Links in the feed processing and delivery chain identify disease prevention challenges and opportunities.
Biosecurity programs define the procedures and processes put in place to keep pathogens out of a hog operation and/or the expression of a pathogen that has slipped in.
The pork industry has made tremendous advancements in understanding biosecurity risks. A critical component of biosecurity risk management is pathogen introduction through fomites such as corn, soybean meal and feed delivery trucks.
Fortunately, corn and soybean meal aren't identified as a frequent source of pathogen introduction. Thus, the primary focus of feed biosecurity programs is on the mechanical transfer of pathogens via vehicles and personnel.
Scott Dee, DVM, and colleagues at the University of Minnesota, in a paper published in 2002 in the Canadian Journal of Veterinary Medicine, “Mechanical Transmission of Porcine Reproductive and Respiratory Syndrome (PRRS) Virus Throughout a Coordinated Sequence of Events During Cold Weather,” clearly demonstrated that PRRS virus can be transferred via contaminated snow. It is quite heartening, however, to note that with good biosecurity management, introduction of PRRS through feed and feed transport is very low.
Why Is Biosecurity So Tough?
I often ask myself this question. The simple answer is we operate in a dynamic, biological system in which pathogens can survive and be transferred. If we review all of the links in the chain, it's easy to see that management of this risk is critical to protecting swine herds.
It is often said that biosecurity is only as strong as the weakest link. When we list all of the activities at a feedmill and delivery system, we recognize the challenges, including:
Within mill cross-contamination;
Delivery personnel; and
Feed ingredients are managed by procuring grain from non-pig producing farms or grain that is not stored in close proximity to pigs on the farm. Today, that is relatively easy to manage because of the increasing size and specialization of grain operations. Grain should be transported in trucks that don't haul pigs. This is much easier to manage as transport of grain and livestock have been segregated; therefore, this requirement usually is not a burden for grain suppliers.
Soybean meal heat processing eliminates viral pathogens and, thus, manages the risk from cross-contamination of this ingredient from transport vehicles at the mill unloading bay. Mills with separate incoming-ingredient unloading bays and a separate out-loading finished-feed bay help minimize the truck transport crossover risk. In addition, feedmill personnel should not care for pigs themselves.
The system should have a pyramid flow of feed deliveries, either as a designated separate transport or in a sequence where feed is first delivered to multiplication sites, then to breed-to-wean, and last to wean-to-finish sites.

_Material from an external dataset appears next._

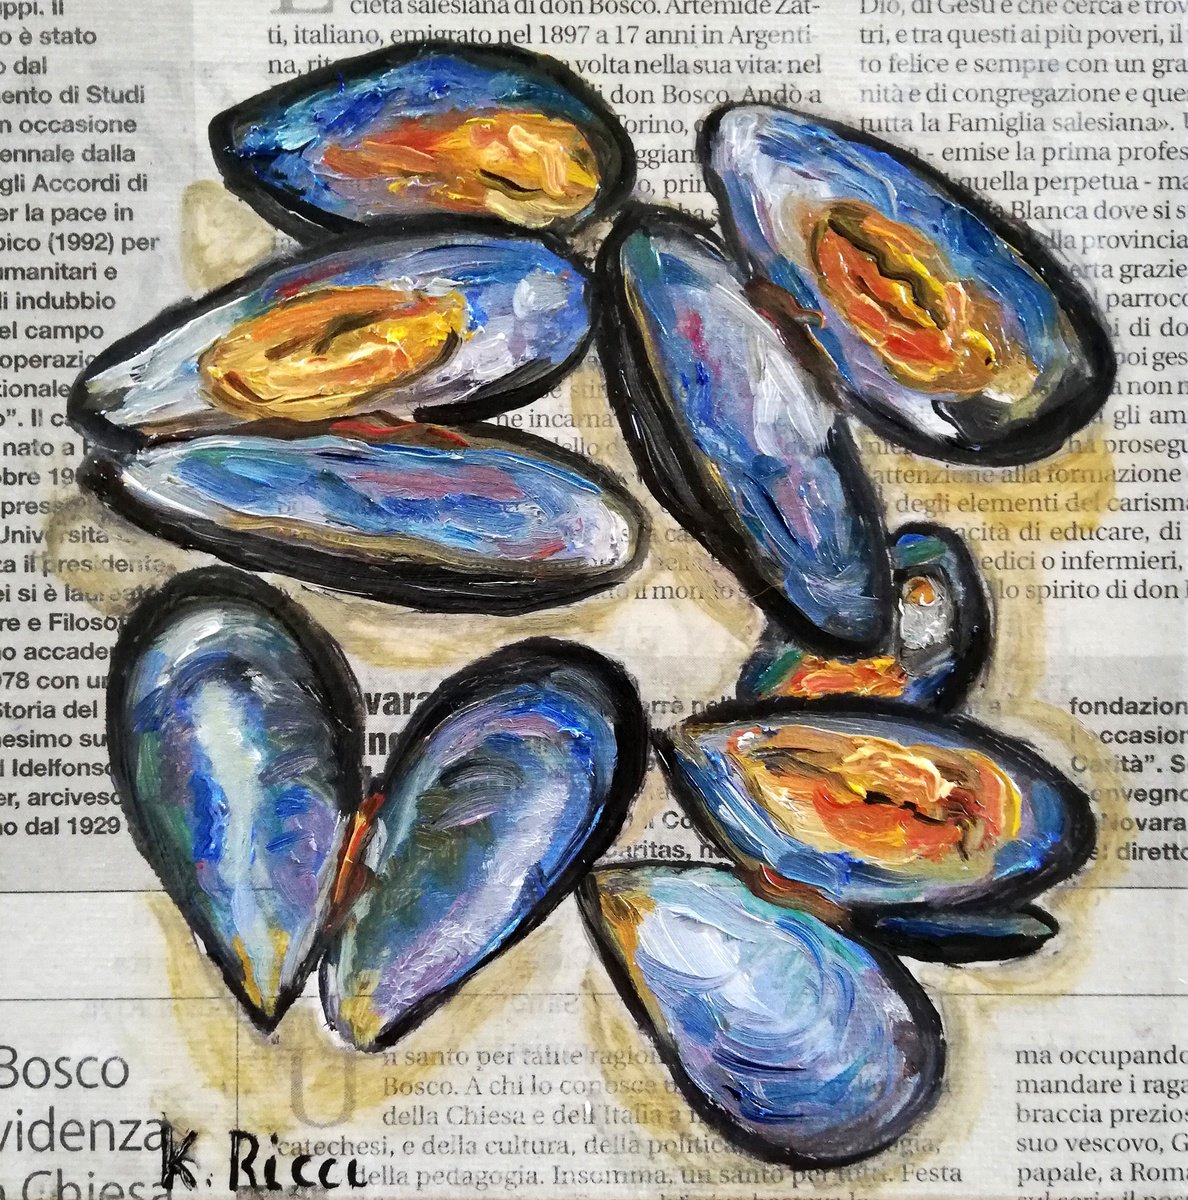 Mussels on Newspaper Original Oil on Canvas Board Painting 6 by 6 inches (15x15 cm) by Katia Ricci

Any time that flow changes are made, feed trucks should be washed, disinfected and externally dried prior to moving back up the pyramid. The location should always have a separate pyramid and delivery trucks.
The majority of farms receive meal or pelleted feed, except for the transition or first nursery diet. If bagged feed is delivered to the farm, it should be delivered all at one time. Bags should be transported in closed-side containers to prevent road contamination or in a separate, designated delivery truck.
During the winter, it is impossible for feed transport vehicles to avoid dirty roads and possible contamination. Thus, once feed transport arrives, there are some basic procedures to follow:
Transport driver must put on external farm boots that are located for easy access or plastic boot covers must be used when the driver exits the cab.
Transport driver must not enter the office at the farm except in the case of an emergency. Invoices are left in a designated area, most commonly in mailboxes attached to the bin leg or just outside of the office.
Bin lids should open and close from the ground.
Any bagged feed deliveries enter only through a disinfection chamber. Bagged feed is dropped in a designated area, again avoiding direct entry into the office area by the transport driver.
We often talk about feed delivery outside the perimeter of a site. But this is not practical due to the volume and the location of the feed bins, so the feed transport must use other procedures to minimize risk of contamination.
Practically speaking, maintaining absolute biosecurity on a breed-to-wean farm is difficult because the transport driver must exit and return to the truck several times, depending on diet and bin capacity. The best procedure is for the driver to wear farm boots and then a set of boot covers so when he/she reenters the cab, boot covers are placed on the shoes or boots.
Another common option is to have disposable floor mats in the truck. When the driver exits the site, the disposable floor mats are left in a designated trash container with the farm-specific boots or boot covers.
Feedmill staff and transport drivers should attend at least biannual biosecurity educational training established with a veterinary clinic. This training is held at the feedmill and attendance is required for all new drivers. Don't expect the transport group to provide this education.
The biannual meetings reinforce basic biosecurity procedures and policies, answer questions, and provide a practical understanding of procedures.
In summary, the feedmill and transport are key components to herd biosecurity. Biannual feedmill audits, coupled with educational meetings, both with the feedmill and the farm staff, are helpful in achieving compliance.